Domanda

I am installing Firefox (XPI) and Google Chrome (CRX) add-ons via an installer. I have setup the installer to create the following registry entries,

HKEY_LOCAL_MACHINE\Software\Google\Chrome\Extensions\extension's ID\ - "path", "version"

HKEY_LOCAL_MACHINE\Software\Mozilla\Firefox\Extensions\ - "extension's ID"

Once the browsers are opened after this, the extensions are detected and installed, I mean when the browsers see that these registry entries exists, it adds the extensions to its' lists.

This is OK. However, when the Firefox is opened it asks the user that there is a new extension and asks the user to enable it. At this point the user has to enable it. Asking part is OK but is there way to make it auto enabled on first install?

On Google Chrome it is installed and not enabled as Firefox. But unlike Firefox it never shows a message that there is a new extension. So is there a way to either notify the user (like Firefox) to enable it or auto enable it (although, it seems that after Google Chrome version 25 it will not enable the extension)? At least ask the user?

È stato utile?

Soluzione

I cannot really comment on Chrome, so I'll just quote them.

Extensions installed by third party programs using external extension deployment options will be disabled by default. When a third party program installs an extension, the Chrome menu will be badged, and users can click through the Chrome menu to see a dialog containing an option to enable the extension or to remove it from their computer. (Source: http://blog.chromium.org/2012/12/no-more-silent-extension-installs.html)

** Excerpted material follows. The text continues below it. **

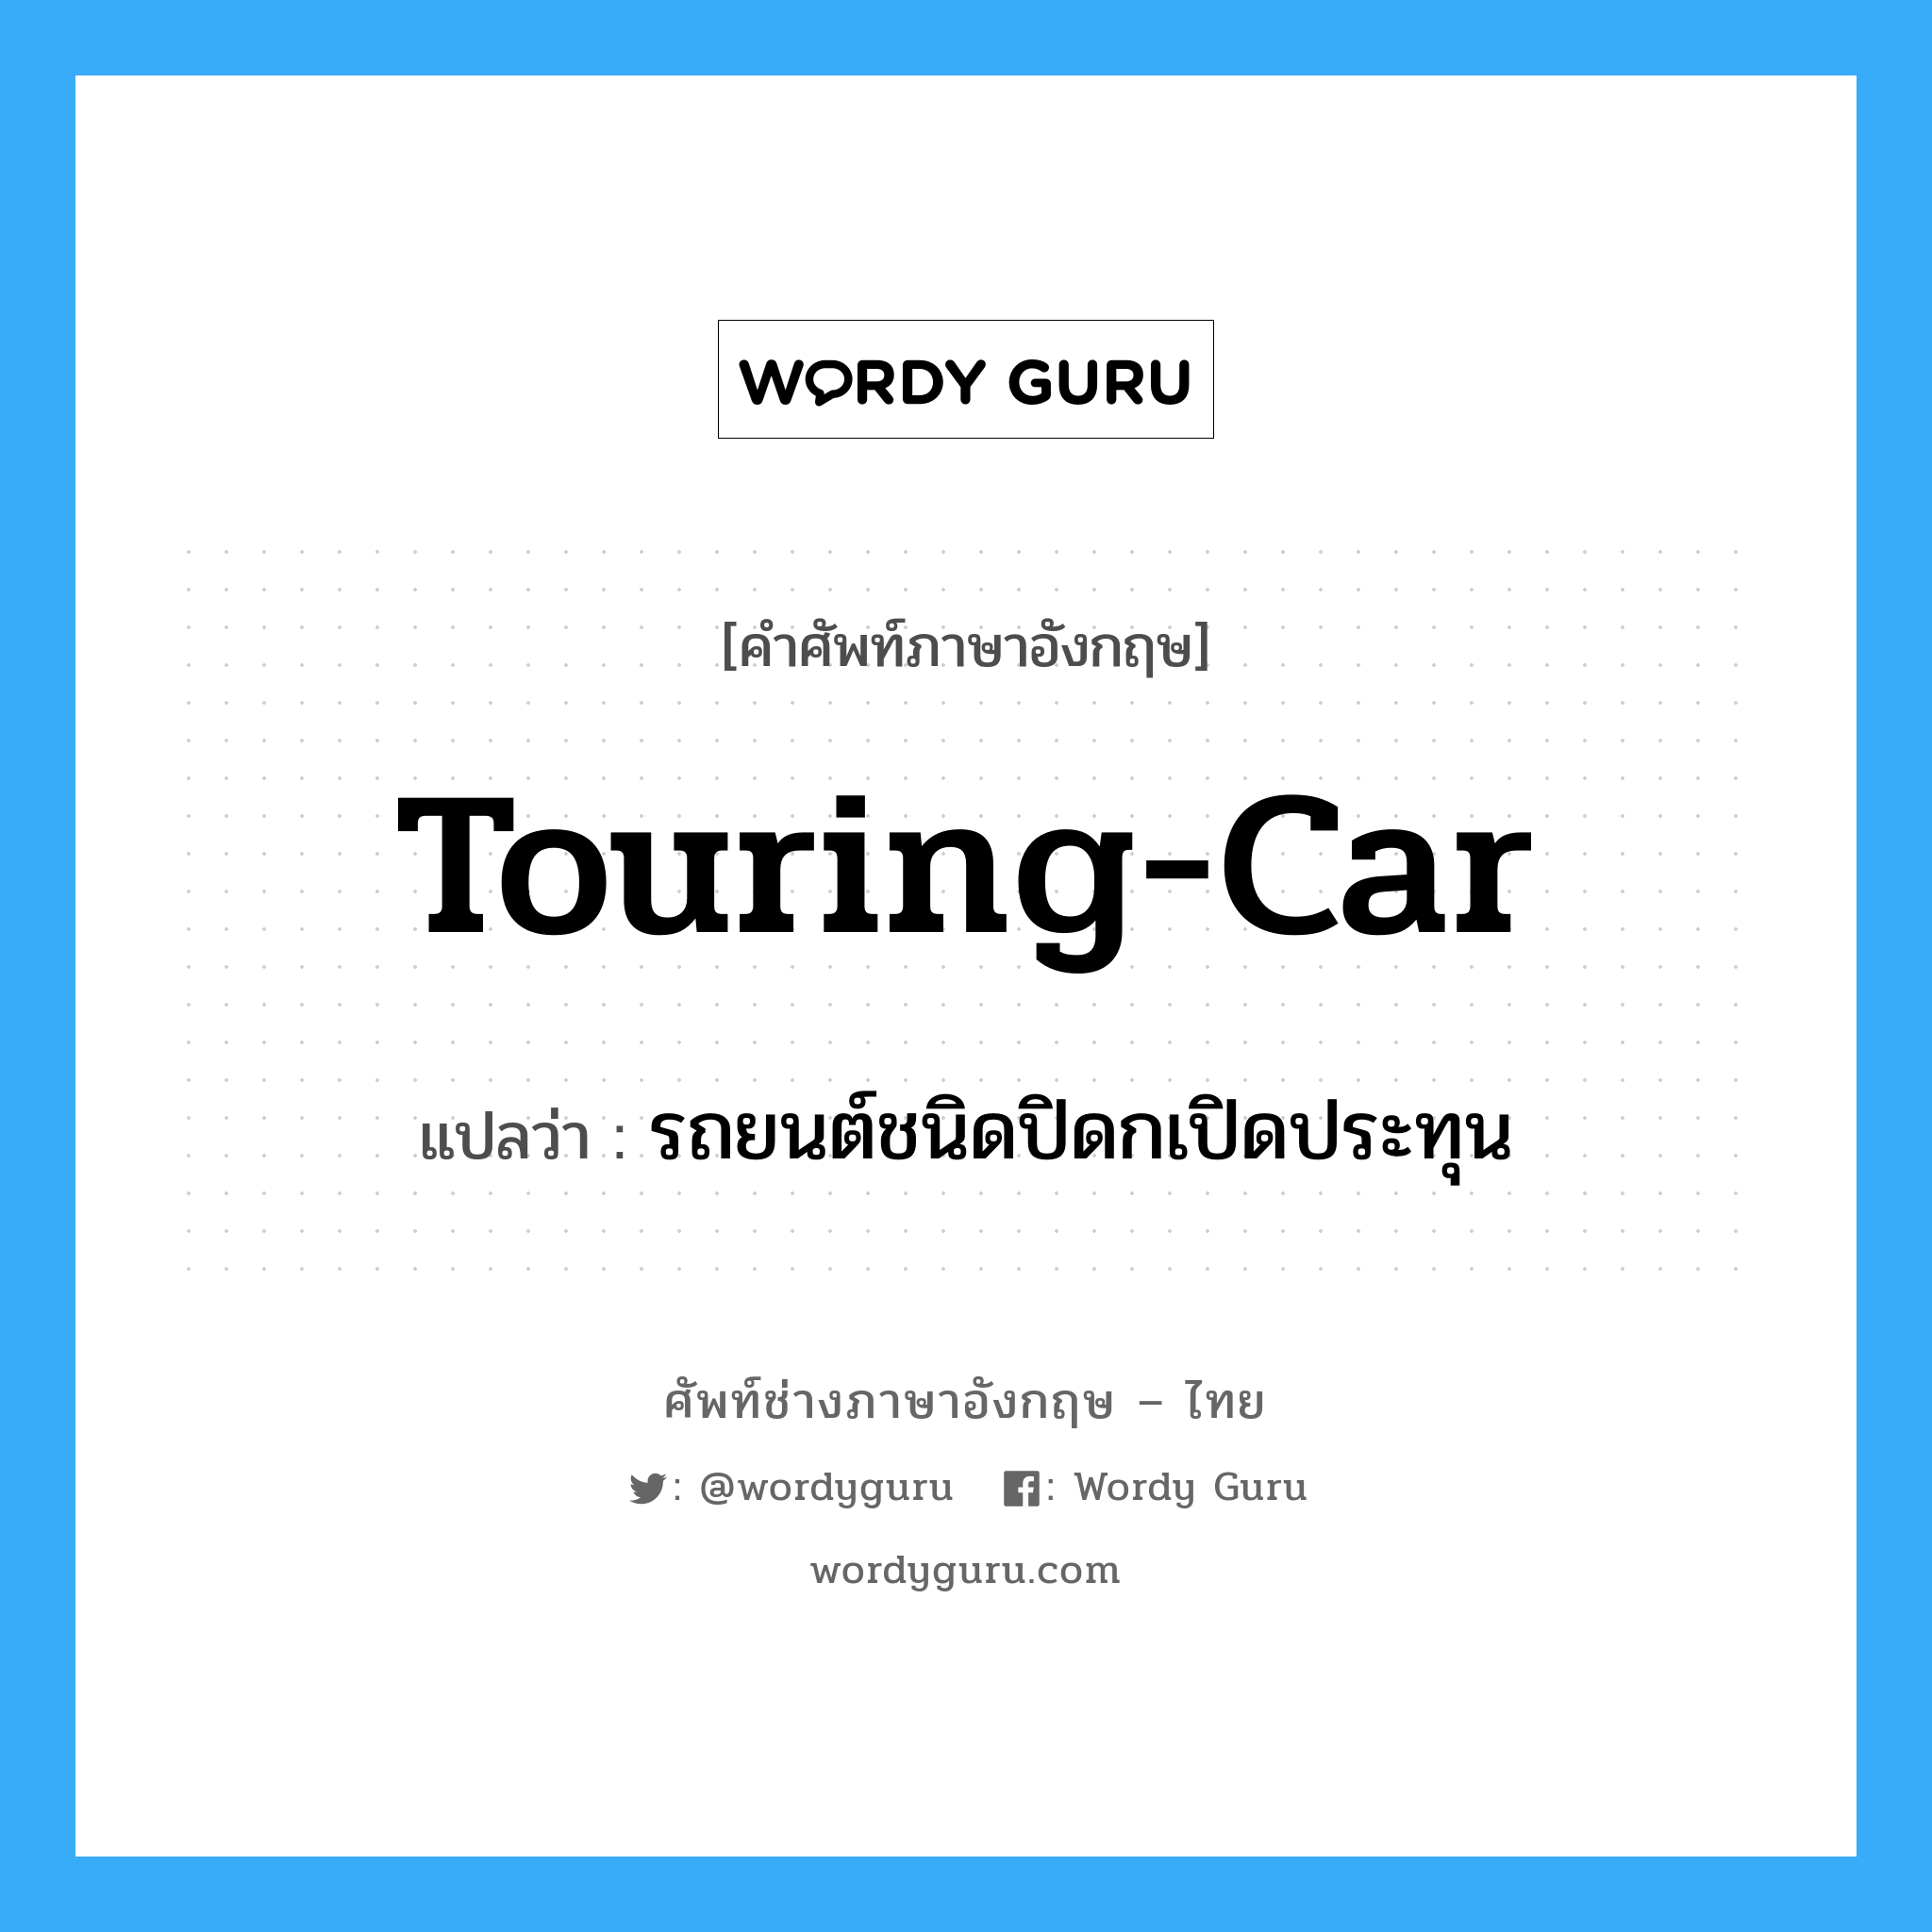 touring-car แปลว่า?, คำศัพท์ช่างภาษาอังกฤษ - ไทย touring-car คำศัพท์ภาษาอังกฤษ touring-car แปลว่า รถยนต์ชนิดปิดกเปิดประทุน

Not sure if the "badge" bits are still the case, though, considering this post is from 2012 and IIRC there are plans to outright disable all non-webstore installs at some point.

Regarding Firefox: No, there is no supported way of doing silent or auto-enabled add-on installs in Firefox. In fact, attempting to circumvent the opt-in dialog violates the Add-on Guidelines and can get your add-on blocklisted, even if your add-on was never listed on the official add-ons site.

Regarding @Noitidart's comment:

I also don't know how to do silent install but this guy says in a comment that addon sdk does it silenty, so check it out: https://ask.mozilla.org/question/301/open-firefox-profile-with-nsiprocess-and-access-it-via-privealaged-scope/?answer=311#post-id-311

Well, the cfx run command of the SDK overwrites some preferences in the Firefox profile (it usually creates) to have the add-on auto-enabled. This is OK for development stuff, but is not OK if you push your add-on to unsuspecting end-users and therefore is a blocklist-able offense.